Penemuan inang bagi serangga bukan merupakan hal yang mudah (Schoonhoven, van Loon, and Dicke 2005). Namun Dieckman et al. (2002) menyatakan bahwa serangga terutama anggota dari kelompok Hemiptera dan Homoptera bila telah menemukan inang yang sesuai maka akan berkembang dengan cepat dan menjadi ancaman bagi tanaman hutan dan ekosistemnya. Hal ini terjadi pada kutulilin pinus yang menyerang P. merkusii. Dampak serangan cukup mengkhawatirkan dengan penyebaran yang cukup cepat. Iriando (2011) mendapatkan bahwa ada perbedaan jumlah populasi dan konsentrasi serangan dari masing-masing tingkat serangan, bahwa jumlah maupun konsentrasi tertinggi ada pada bagian pucuk pohon.

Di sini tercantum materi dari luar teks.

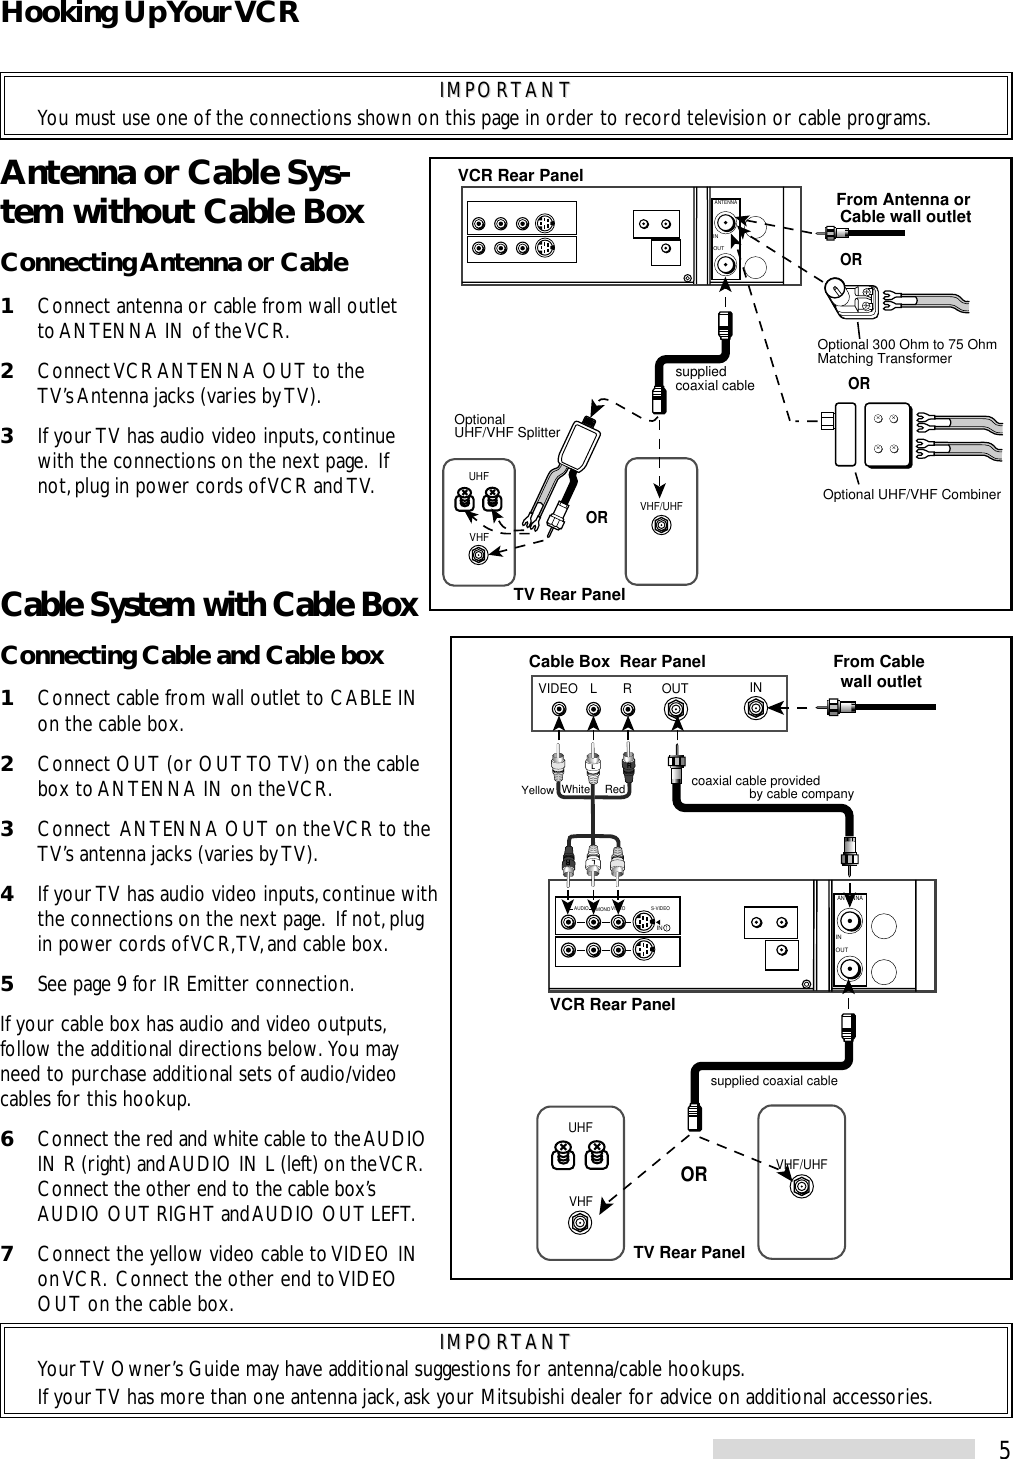 5Antenna or Cable Sys-tem without Cable BoxConnecting Antenna or Cable1Connect antenna or cable from wall outletto ANTENNA IN of the VCR.2Connect VCR ANTENNA OUT to theTV’s Antenna jacks (varies by TV).3If your TV has audio video inputs, continuewith the connections on the next page.  Ifnot, plug in power cords of VCR and TV.VHFUHFVHF/UHFANTENNAOUTINxxxxVCR Rear PanelTV Rear PanelOROptionalUHF/VHF SplitterOptional 300 Ohm to 75 OhmMatching Transformer Optional UHF/VHF CombinerORsupplied coaxial cableORFrom Antenna or Cable wall outletVHF/UHFVHFUHFINOUTVIDEO L RANTENNAOUTINVIDEOAUDIOR L/MONO S-VIDEOIN  1LRLRWhite RedYellowTV Rear PanelVCR Rear PanelORFrom Cable wall outletCable Box  Rear Panelcoaxial cable provided                by cable companysupplied coaxial cableIMPORTANTIMPORTANTYou must use one of the connections shown on this page in order to record television or cable programs.Cable System with Cable BoxConnecting Cable and Cable box1Connect cable from wall outlet to CABLE INon the cable box.2Connect OUT (or OUT TO TV) on the cablebox to ANTENNA IN on the VCR.3Connect  ANTENNA OUT on the VCR to theTV’s antenna jacks (varies by TV).4If your TV has audio video inputs, continue withthe connections on the next page.  If not, plugin power cords of VCR, TV, and cable box.5See page 9 for IR Emitter connection.If your cable box has audio and video outputs,follow the additional directions below.  You mayneed to purchase additional sets of audio/videocables for this hookup.6Connect the red and white cable to the AUDIOIN R (right) and AUDIO IN L (left) on the VCR.Connect the other end to the cable box’sAUDIO OUT RIGHT and AUDIO OUT LEFT.7Connect the yellow video cable to VIDEO INon VCR.  Connect the other end to VIDEOOUT on the cable box.IMPORTANTIMPORTANTYour TV Owner’s Guide may have additional suggestions for antenna/cable hookups.If your TV has more than one antenna jack, ask your Mitsubishi dealer for advice on additional accessories.Hooking Up Your VCR

P. boerneri (Hemiptera; Adelgidae) ditemukan menyerang pertama kali pada tahun 1997 terus menyebar dan pada tahun 2009 sudah menyerang >6500 ha tegakan pinus di P. Jawa khususnya P. merkusii yang merupakan tanaman asli Indonesia (belum ditemukan serangan kutulilin pinus pada jenis lain yang di Indonesia merupakan jenis asing misalnya P. oocarpa, P. caribea). Bila dilihat penampakan luar terdapat perbedaan pada tampilan kulit, kulit P. merkusii lebih kasar dan berlekuk-lekuk. Kondisi ini menurut Coulson and Witter (1984) merupakan kondisi yang disenangi oleh hama ini, yang pada dasarnya merupakan kondisi dimana serangga akan lebih mudah menghindar dari faktor pengganggu maupun perubahan cuaca.